Task pooling for dynamic workloads in FreeRTOS - Time & Space Complexity
When using task pooling in FreeRTOS, we want to know how the time to handle tasks changes as more tasks come in.
We ask: How does the system's work grow when the number of tasks increases?
Analyze the time complexity of the following code snippet.
// Simple task pool example
void TaskPoolHandler(void *params) {
while(1) {
TaskHandle_t task = GetNextTaskFromQueue();
if(task != NULL) {
ProcessTask(task);
}
vTaskDelay(10 / portTICK_PERIOD_MS);
}
}
This code runs a task pool handler that repeatedly checks for new tasks and processes them one by one.
Identify the loops, recursion, array traversals that repeat.
- Primary operation: The infinite loop that repeatedly fetches and processes tasks.
- How many times: It runs continuously, processing each task as it arrives.
As the number of tasks increases, the handler processes each task one after another.

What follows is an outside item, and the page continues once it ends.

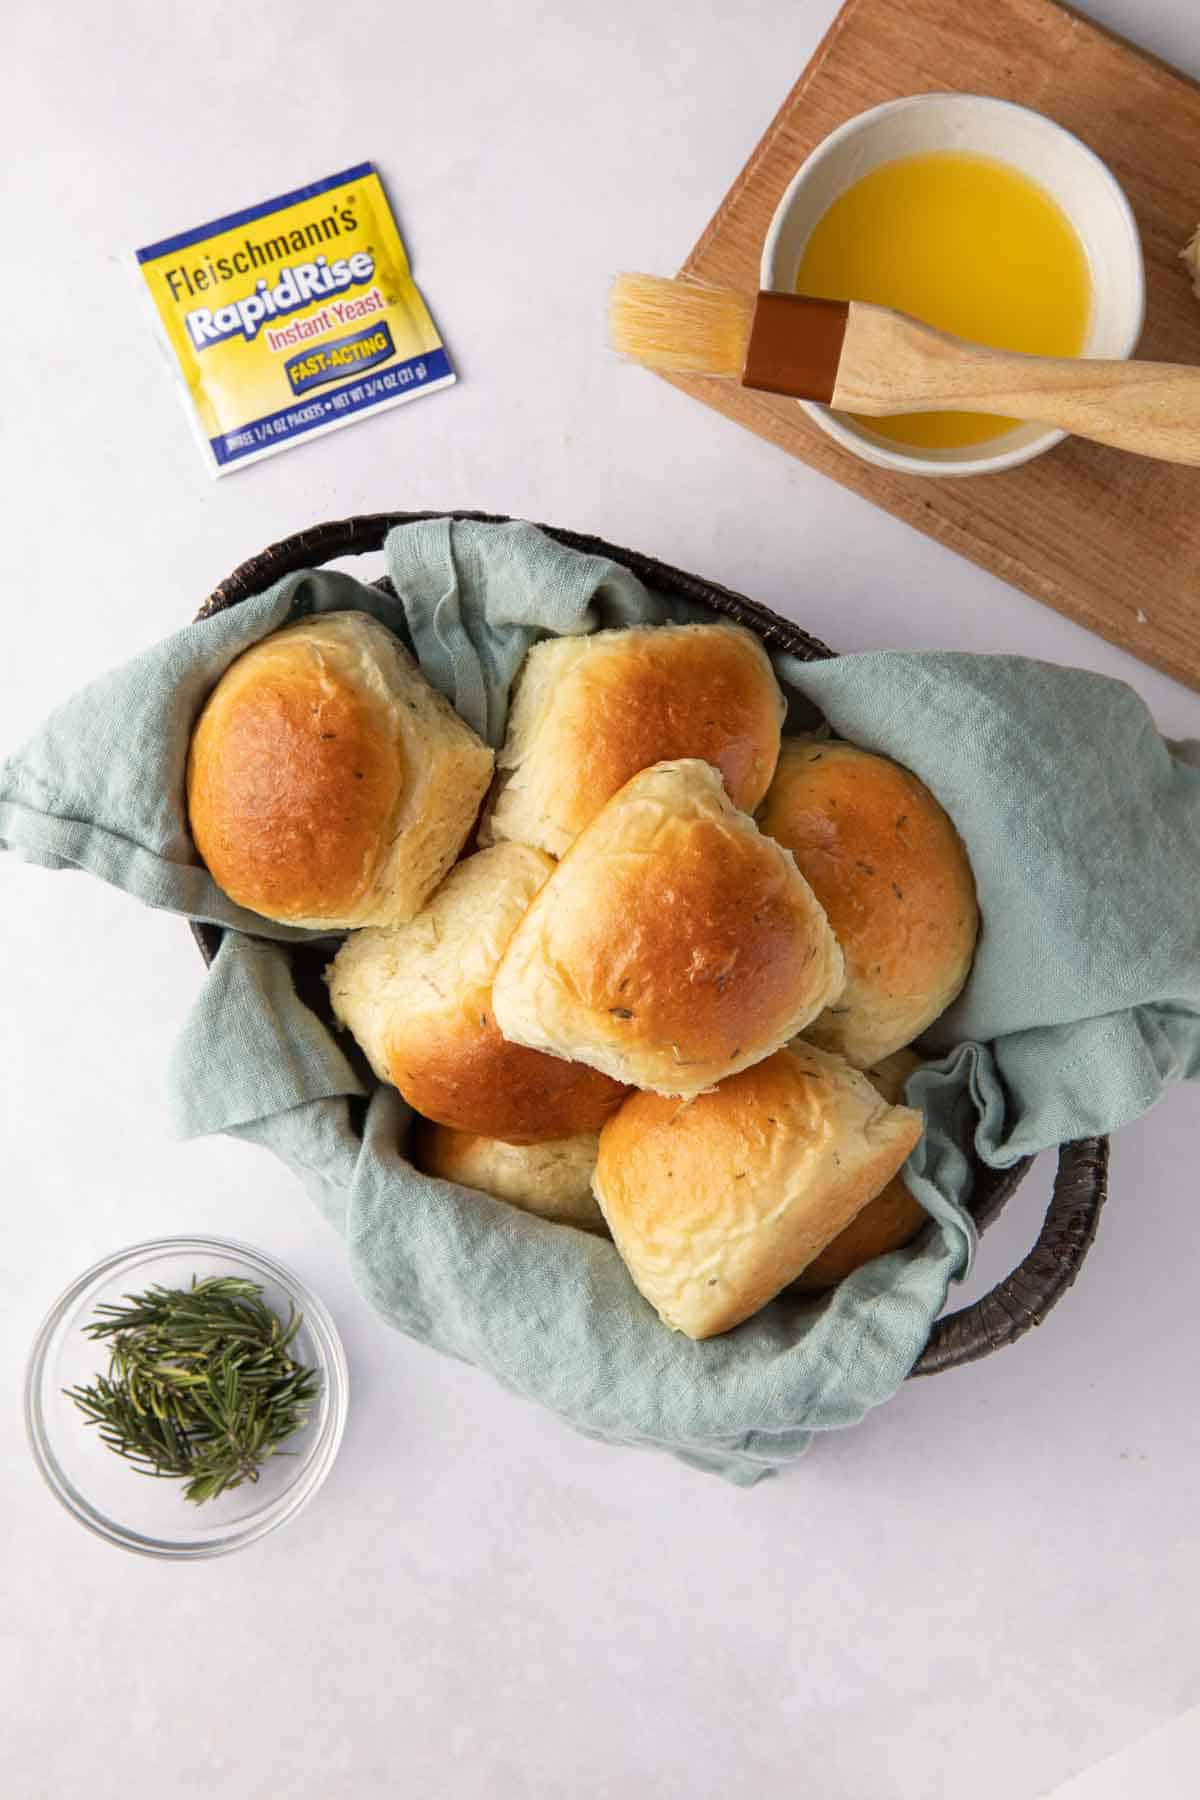 Linen lined oval basket filled with skillet rolls with a hand picking one up, a side dish of fresh rosemary sprigs, a package of Fleischmann's Rapid Rise Instant Yeast, and a small dish of melted butter with a brush resting on top.

| Input Size (n) | Approx. Operations |
|---|---|
| 10 | About 10 task process calls |
| 100 | About 100 task process calls |
| 1000 | About 1000 task process calls |
Pattern observation: The work grows directly with the number of tasks; more tasks mean more processing time.
Time Complexity: O(n)
This means the time to process tasks grows in a straight line with the number of tasks.
[X] Wrong: "The task pool processes all tasks instantly regardless of how many there are."
[OK] Correct: Each task still needs time to be processed one by one, so more tasks take more time overall.
Understanding how task pools handle growing workloads helps you explain system responsiveness and efficiency in real embedded projects.
"What if we added multiple worker tasks to process tasks in parallel? How would the time complexity change?"